## Description of the task
Only an exact copy of the lines from the one containing "Efva_Attling_smycken_A Dream Bracelet" through the last line of the material below belongs in the answer, with no pictures.

## Source material
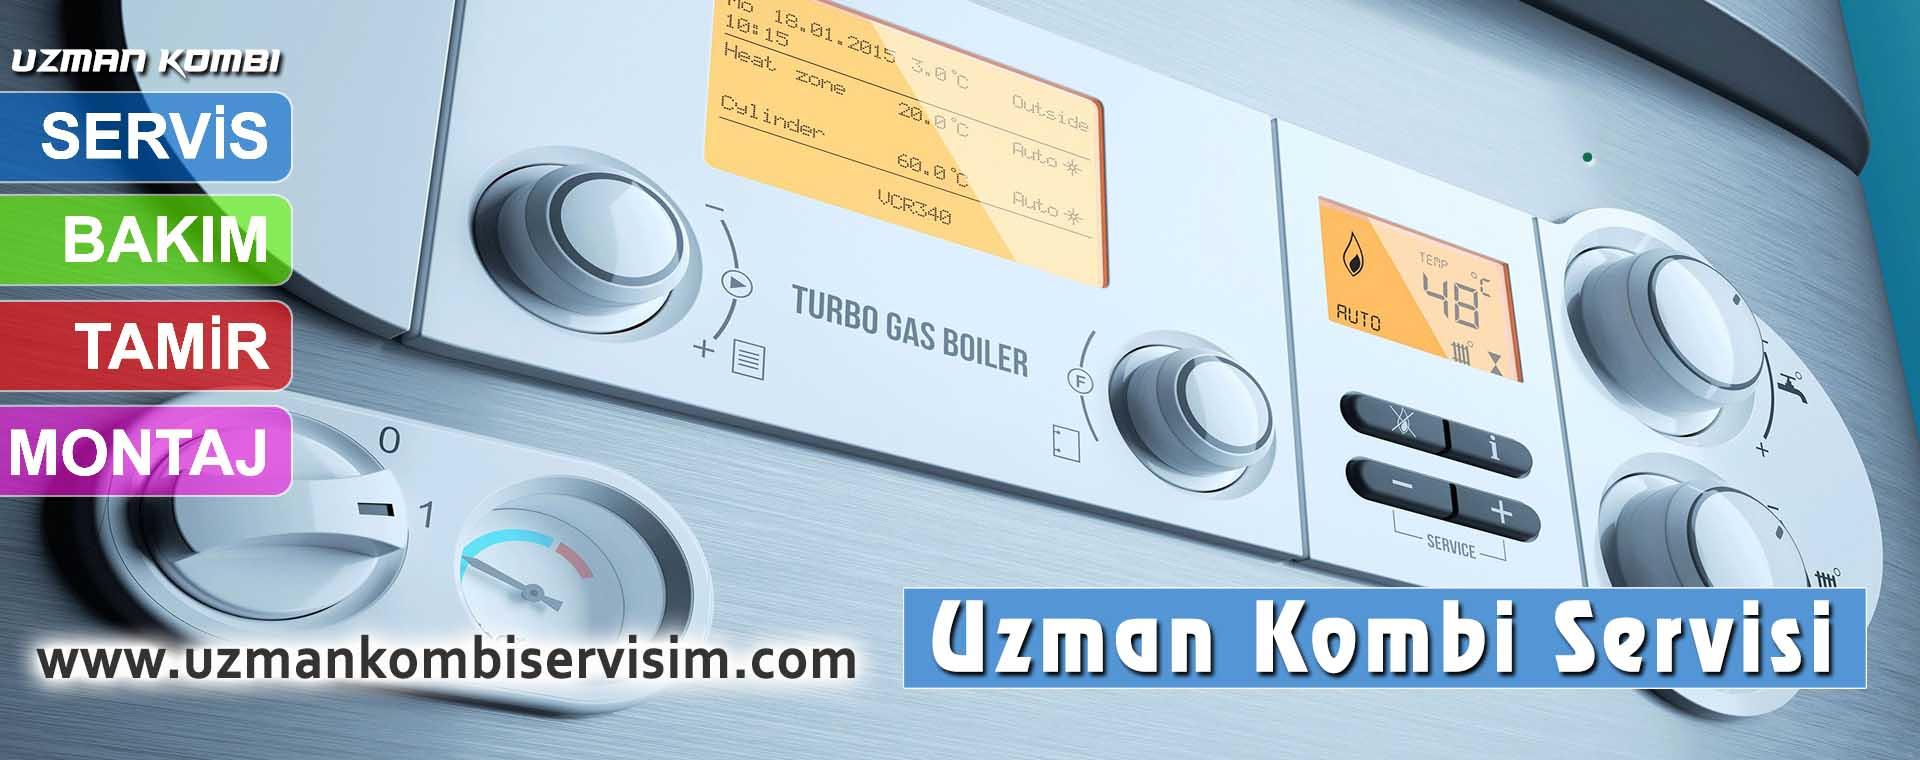 Altındağ Kombi Servisi Ankara, Servisimizde, kombi tamiri, kombi bakımı, kombi montajı, petek temizleme ve kart tamiri garantili olarak yapılmaktadır. Altındağ 7/24 garantili kombi teknik servisi.
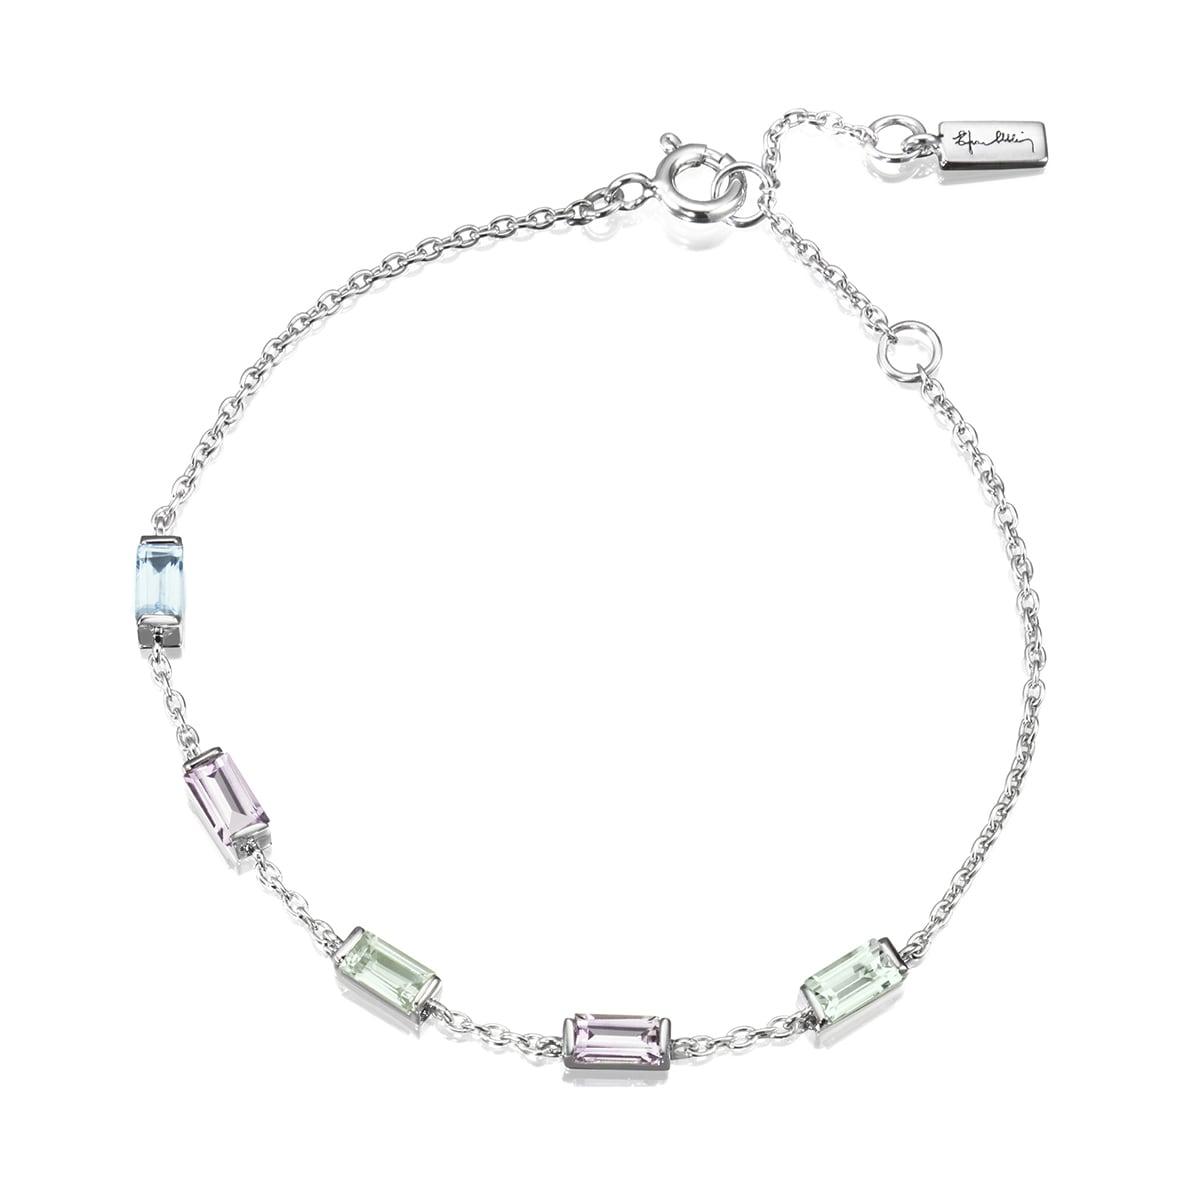 Efva_Attling_smycken_A Dream Bracelet 14-100-01587(1)_hos_Jarl_Sandin
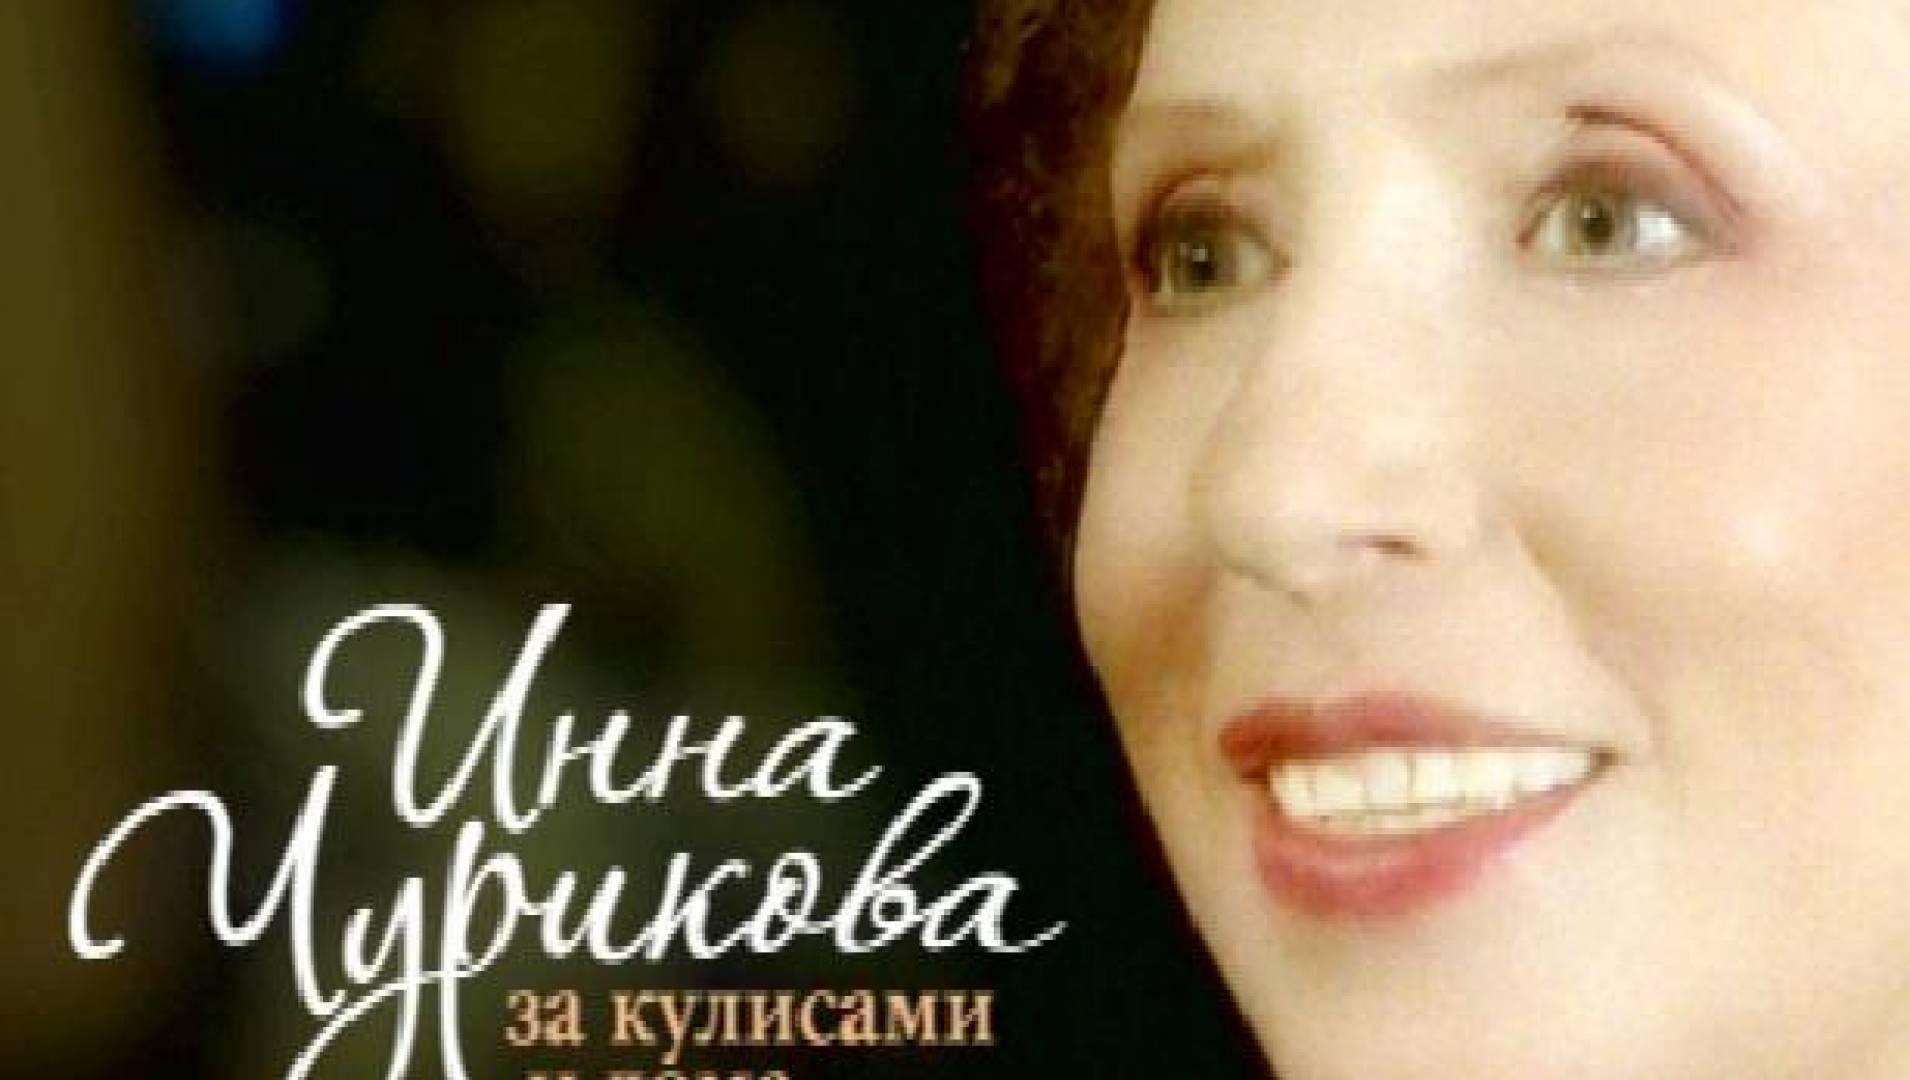 Инна Чурикова. Закулисами идома - Документальный фильм
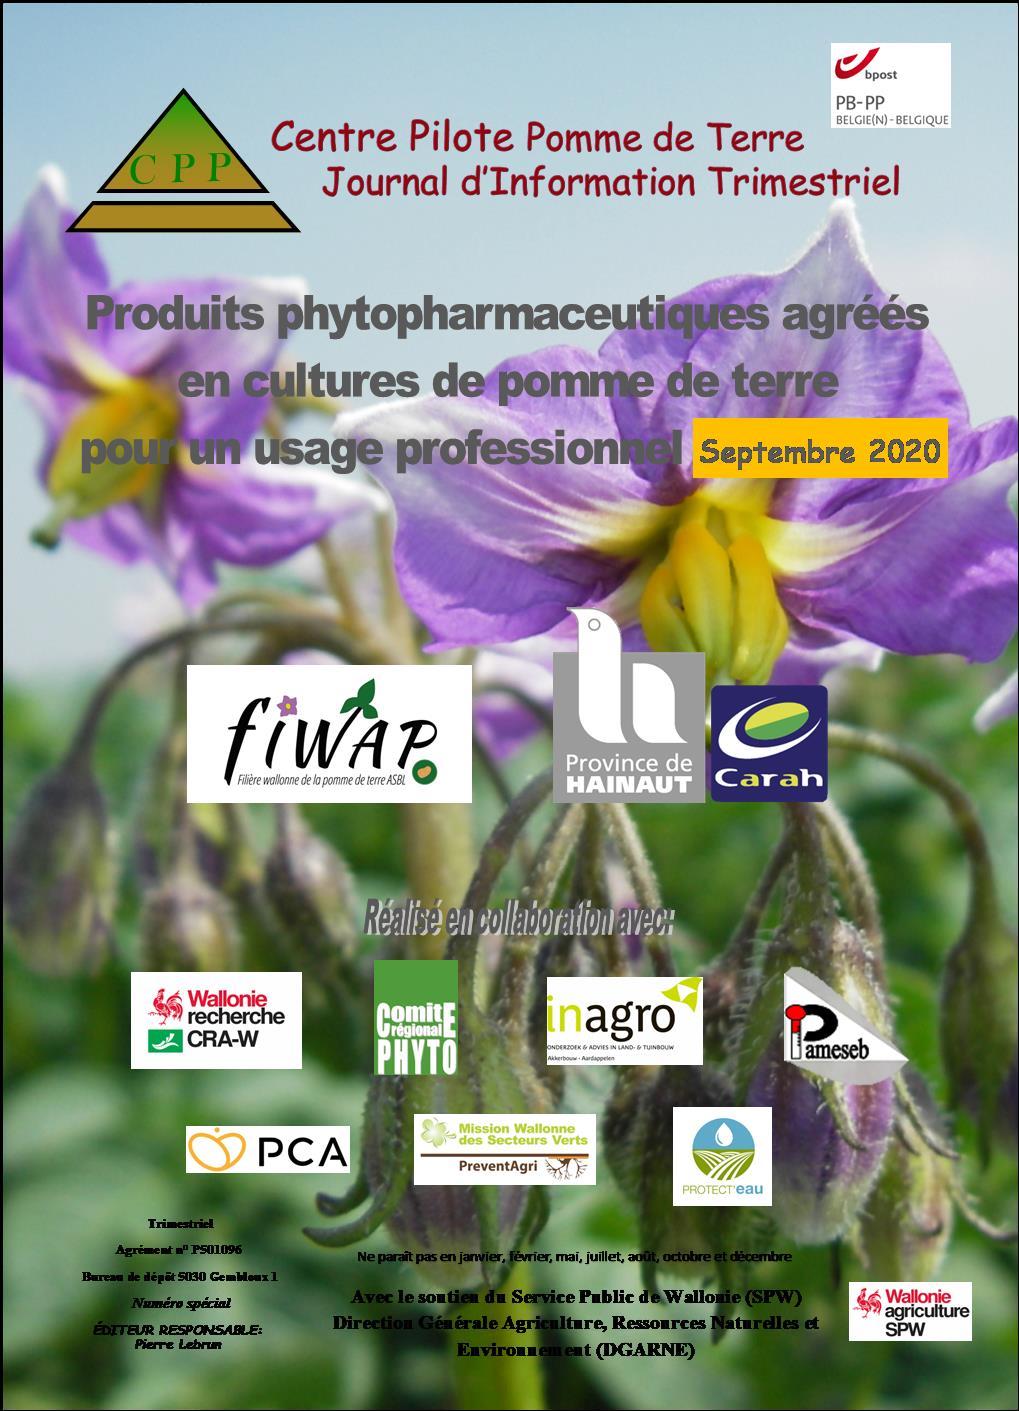 Liste des produits phyto (mise à jour septembre 2020)

## Output for this task
 Efva_Attling_smycken_A Dream Bracelet 14-100-01587(1)_hos_Jarl_Sandin
 Инна Чурикова. Закулисами идома - Документальный фильм
 Liste des produits phyto (mise à jour septembre 2020)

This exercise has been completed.